Creamy White Chicken Poblano Enchiladas Recipe

Are you looking for a delicious and easy-to-make dish that is perfect for any occasion? Look no further than these Creamy White Chicken Poblano Enchiladas! Packed with flavor and creamy goodness, these enchiladas are sure to become a favorite in your household.
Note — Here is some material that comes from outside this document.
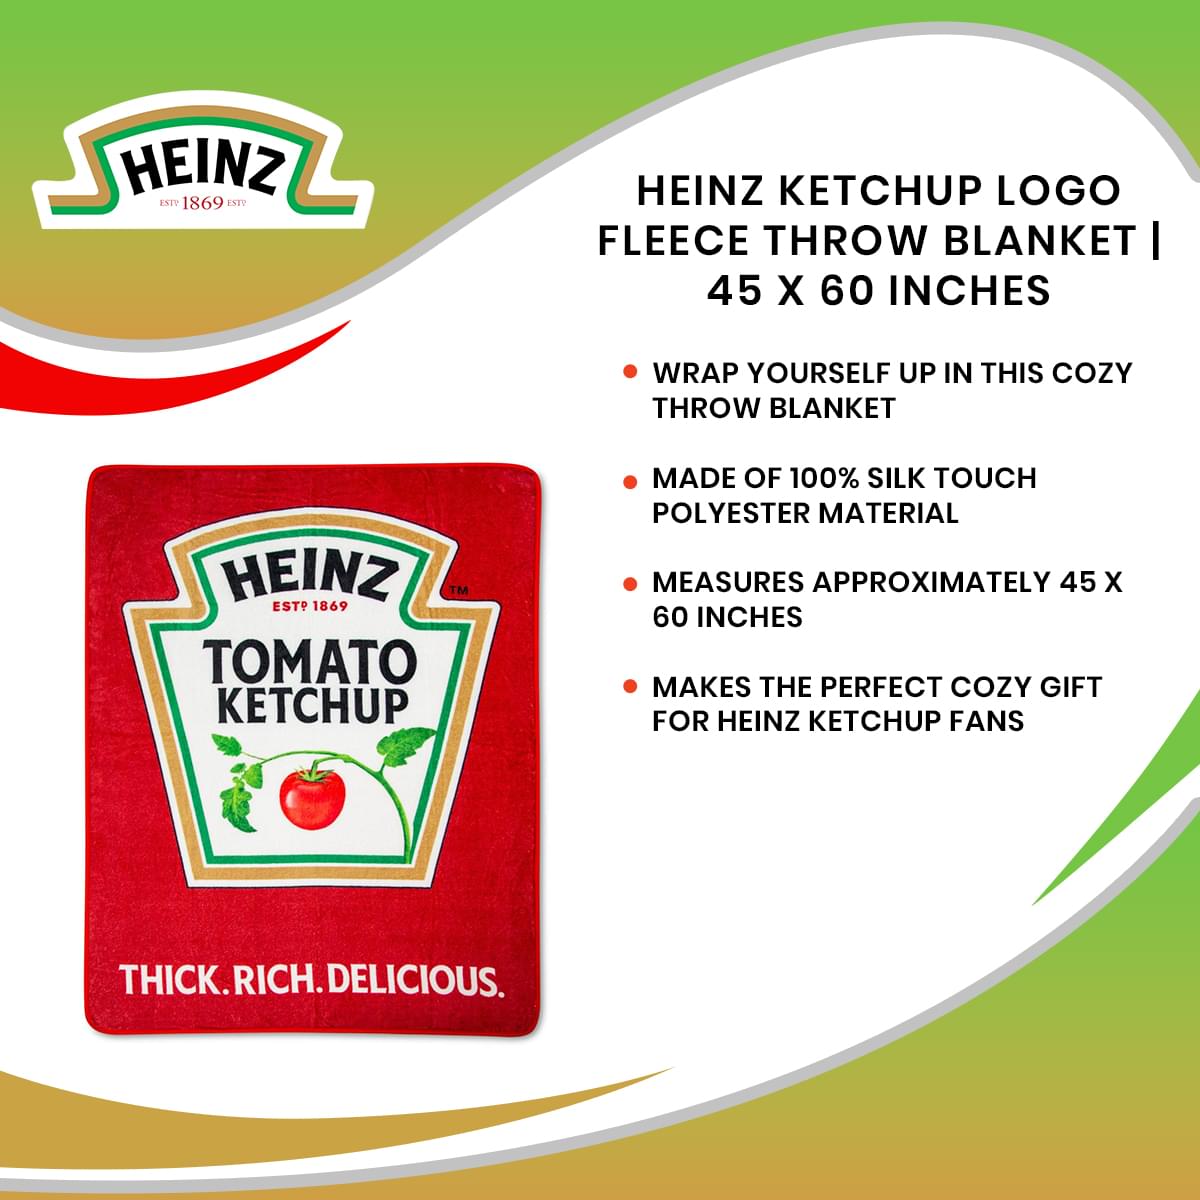 Heinz Ketchup Logo Fleece Throw Blanket | 45 x 60 Inches

Why You’ll Love This Recipe?

  1. Great Flavors: The combination of shredded chicken, poblano peppers, and creamy cheeses creates a flavor explosion in every bite.
  2. Quick Prep Time: With just a few simple steps, you can have these enchiladas ready to bake in no time.
  3. Perfect for Meal Prep: These enchiladas are great for making ahead and enjoying throughout the week.

Ingredient Notes:

  • Shredded chicken: Adds protein and heartiness to the dish.
  • Shredded Monterey Jack cheese: Melts beautifully and adds a creamy texture.
  • Poblano peppers: Adds a mild heat and depth of flavor.
  • Chili powder, smoked paprika, cumin, chipotle chile powder: A blend of spices that give the dish a warm and smoky flavor.
  • Flour tortillas: Used to wrap the chicken mixture.
  • Salsa verde: Adds a tangy and slightly spicy element.
  • Cream cheese: Creates a creamy sauce for the enchiladas.
  • Whole milk: Helps to thin out the cream cheese for the sauce.
  • Shredded white cheddar or pepper jack cheese: Adds a cheesy topping.

Step-by-Step Instructions:

  1. Preheat the oven: Preheat the oven to °F.
  2. Mix the chicken mixture: In a bowl, combine the shredded chicken, poblano peppers, Monterey Jack cheese, spices, salt, and pepper.
  3. Assemble the enchiladas: Spread salsa verde in a baking dish. Fill each tortilla with the chicken mixture, roll up, and place seam-side down in the dish.
  4. Make the creamy sauce: Soften the cream cheese, mix with salsa verde and milk, then pour over the enchiladas. Top with the remaining cheeses.
  5. Bake: Bake for – minutes, until the cheese is melted and bubbly.
  6. Serve: Finish with fresh cilantro, a squeeze of lime juice, and avocado slices.

Helpful Tips:

  • To save time, use rotisserie chicken instead of cooking and shredding your own.
  • For a spicier kick, add diced jalapeños to the chicken mixture.
  • To make this dish vegetarian, substitute the chicken with black beans.

Expert Tips for the Best Results:

  1. Char the poblano peppers over an open flame for a smoky flavor.
  2. Let the enchiladas rest for a few minutes after baking to allow the flavors to meld.
  3. Use high-quality cheese for the best creamy texture and flavor.

Serving Suggestions:

These Creamy White Chicken Poblano Enchiladas pair perfectly with a side of Mexican rice, refried beans, and a cold glass of horchata.

Storage and Reheating Tips:

Store any leftover enchiladas in an airtight container in the refrigerator for up to 3 days. To reheat, place in a preheated oven at °F for – minutes until heated through.

Frequently Asked Questions:

  1. Can I use corn tortillas instead of flour tortillas? Yes, corn tortillas can be used for a gluten-free option.
  2. Can I freeze these enchiladas? Yes, assemble the enchiladas, wrap tightly in plastic wrap and foil, then freeze for up to 3 months.
  3. Can I use a different type of cheese? Feel free to experiment with different cheeses like pepper jack or queso fresco for unique flavors.

Conclusion:

These Creamy White Chicken Poblano Enchiladas are a delicious and satisfying dish that is perfect for any occasion. Whether you’re meal prepping for the week or hosting a dinner party, these enchiladas are sure to impress. Give this recipe a try and let us know how it turns out! Enjoy!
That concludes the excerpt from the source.